Frensic walked more slowly across the Parks deep in thought. Two authors for the same book? And Piper had been a devotee of Dr Louth. The Moral Novel was his scripture. In which case he could well have...No. Miss Bogden had not been lying. Frensic increased his pace and strode beside the river towards Cowpasture Gardens. Dr Louth was going to learn that she had made a bad mistake in sending her manuscript to one of her former pupils. Because that was what it was all about. In her conceit she had chosen Frensic out of a hundred other agents. The irony of her gesture would have appealed to her. She had never had much time for him. 'A mediocre mind' she had once written at the end of one of his essays. Frensic had never forgiven her. He was going to get his revenge.
He left the parks and entered Cowpasture Gardens. Dr Louth's house stood at the far end, a large Victorian mansion with an air of deliberate desuetude as if the inhabitants were too committed intellectually to notice overgrown borders and untended lawns. And there had been, Frensic recalled, cats.
There were still cats. Two sat on a window-ledge and watched as Frensic walked to the front door and rang the bell. He stood waiting and looked around. If anything the garden had regressed still further towards the pastoral which Dr Louth had so extolled in literature. And the Monkey Puzzle tree stood there as unclimbable as ever. How often had he looked out of the window at that Monkey Puzzle tree while Dr Louth intoned the need for a mature moral purpose in all art. Frensic was about to fall into a nostalgic reverie when the door opened and Miss Christian peered out at him uncertainly.
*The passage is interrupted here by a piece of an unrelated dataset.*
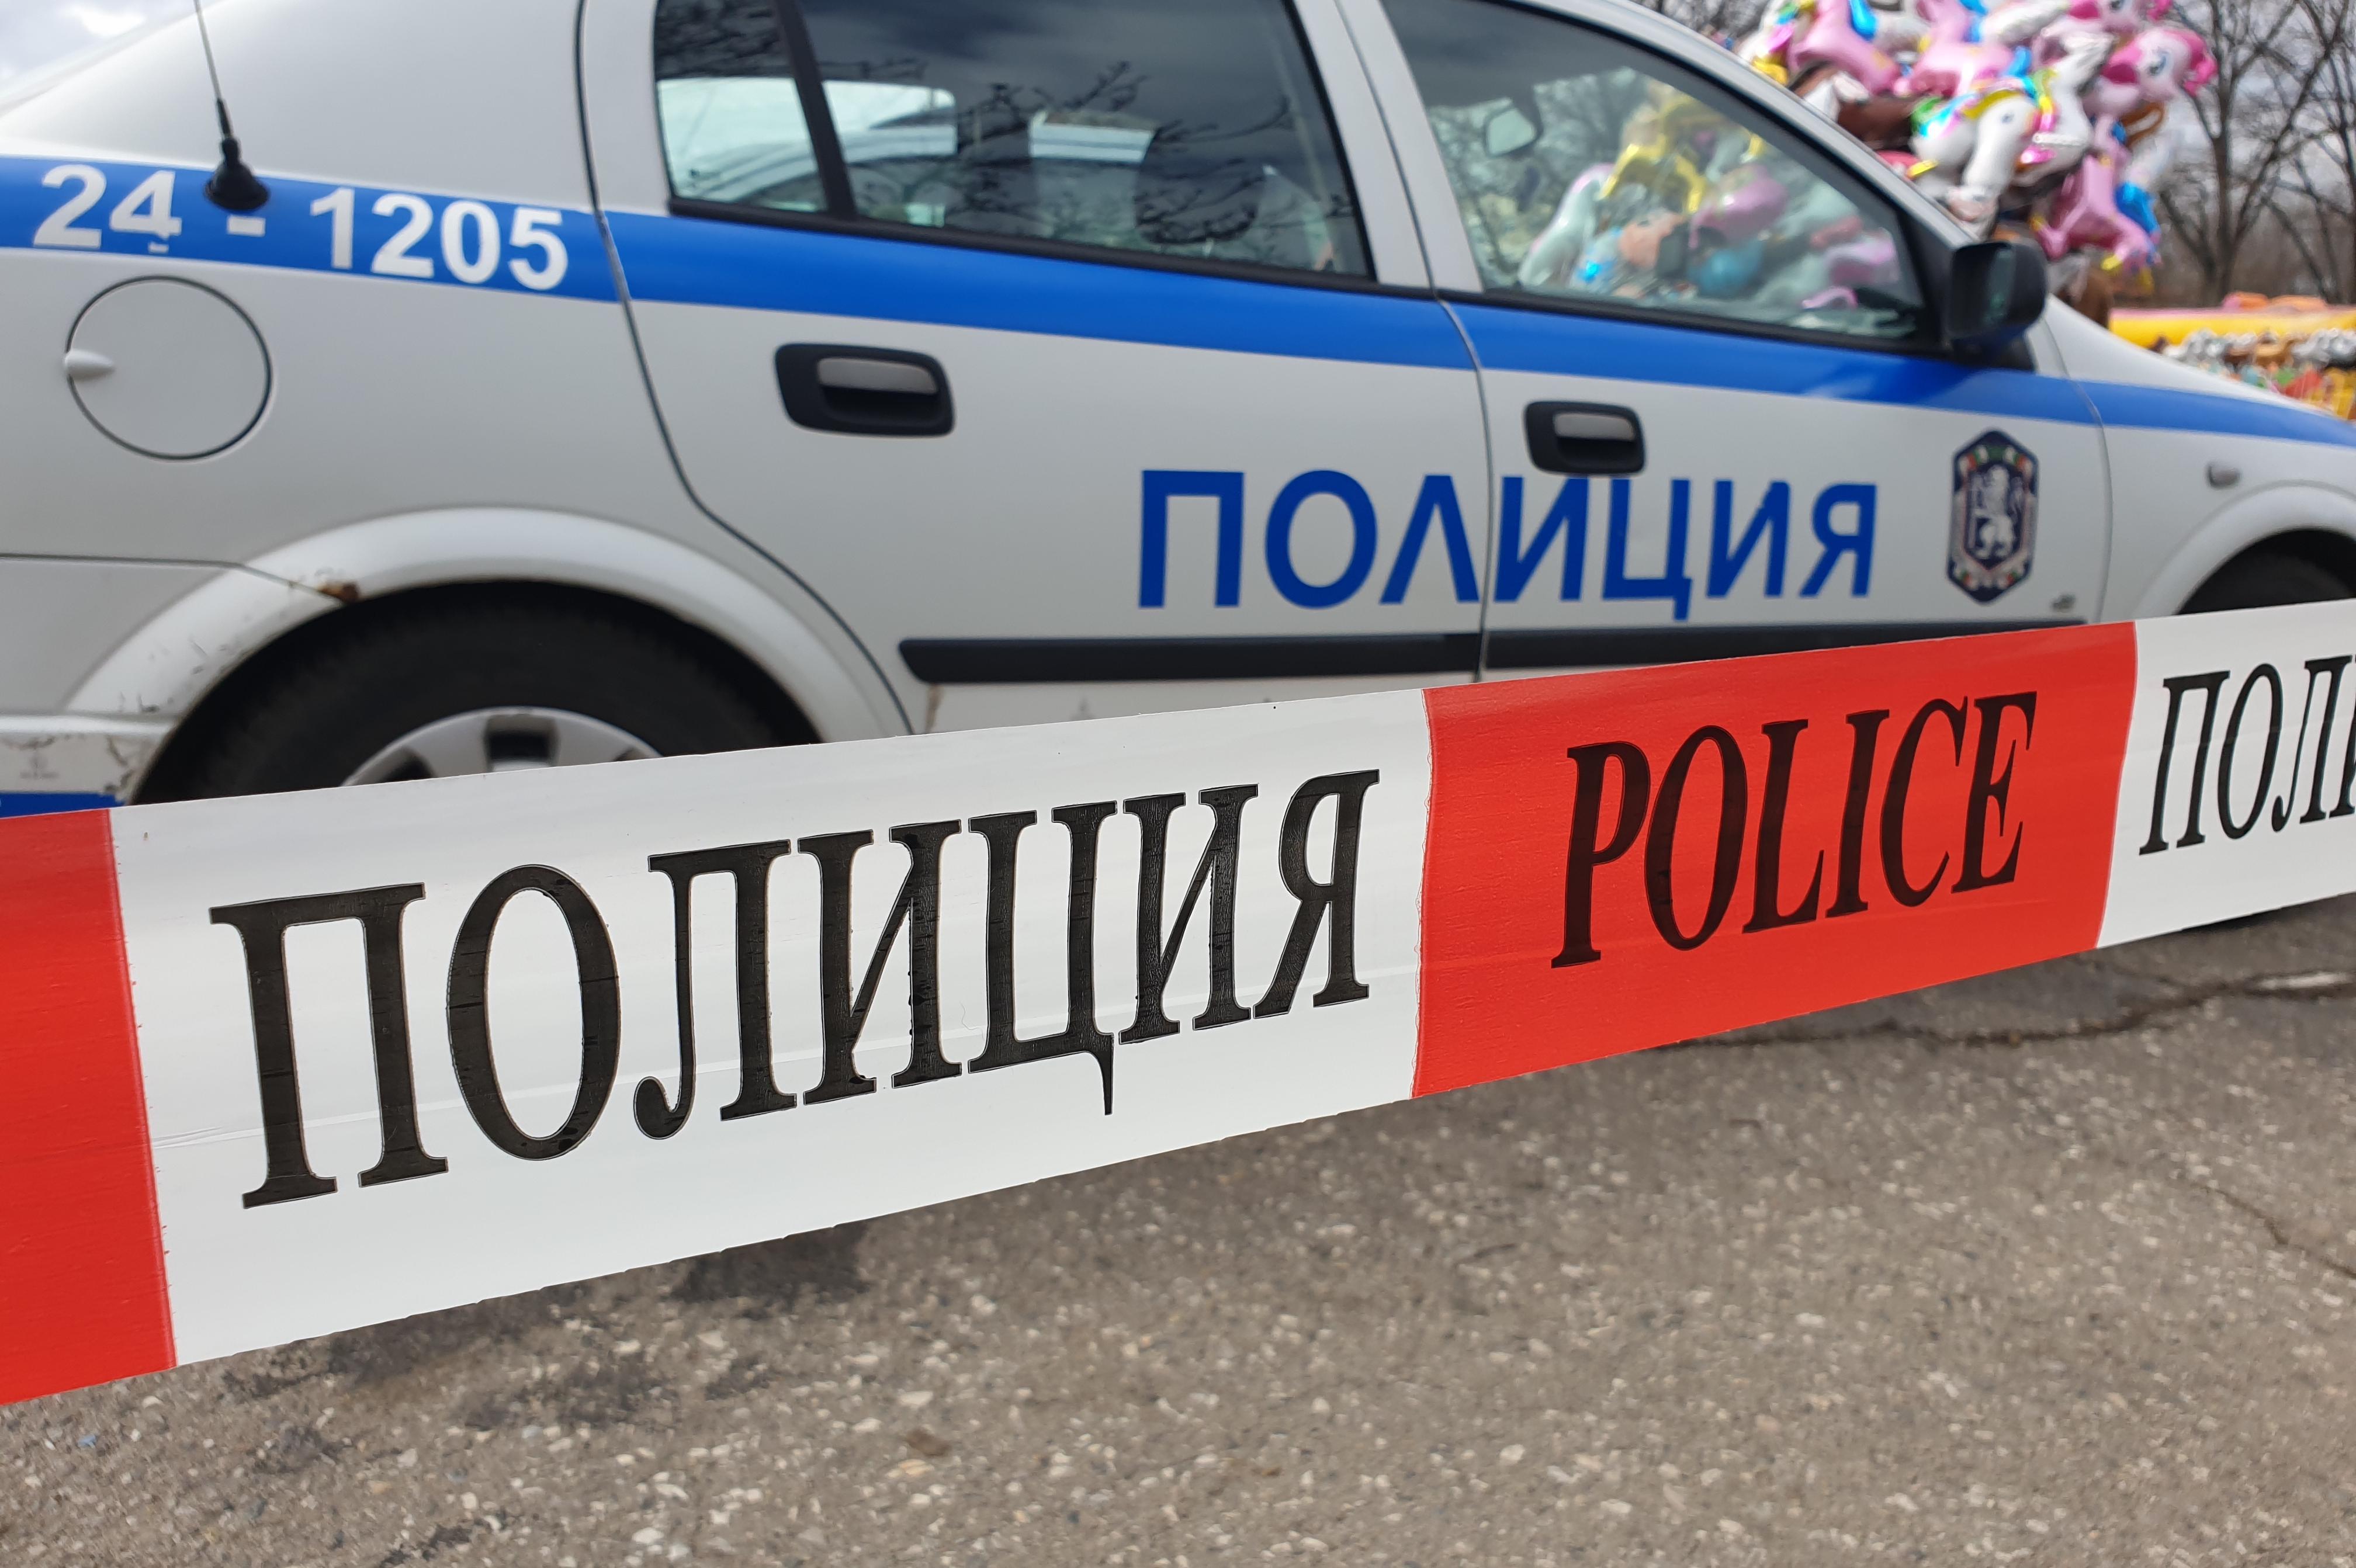 55-годишен тракторист, шофирал с 3.54 промила алкохол в с. Петърч, отива на

'If you're from the telephone people...' she began but Frensic shook his head.
'My name is...' he hesitated as he tried to recall a favoured pupil. 'Bartlett. I was a student of hers in 1955.'
Miss Christian pursed her lips. 'She isn't seeing anyone,' she said.
Frensic smiled. 'I just wanted to pay my respects. I've always regarded her as the greatest influence in my development. Seminal you know.'
Miss Christian savoured 'seminal'. It was the password. 'In 1955?'
'The year she published The Intuitive Felicity,' said Frensic to bring out the bouquet of that vintage.
'So it was. It seems so long ago now,' said Miss Christian and opened the door wider. Frensic stepped into the dark hall where the stained-glass windows on the stairs added to the air of sanctity. Two more cats sat on chairs.
'What did you say your name was?' said Miss Christian.
'Bartlett,' said Frensic. (Bartlett had got a First.)
'Ah, yes, Bartlett,' said Miss Christian. 'I'll just go and ask her if she will see you.'
She went away down a threadworn passage to the study. Frensic stood and gritted his teeth against the odour of cats and the almost palpable atmosphere of intellectual high-mindedness and moral intensity. On the whole he preferred the cats.
Miss Christian shuffled back. 'She will see you,' she said. 'She seldom sees visitors now but she will see you. You know the way.'
Frensic nodded. He knew the way. He went down the length of worn carpet and opened the door.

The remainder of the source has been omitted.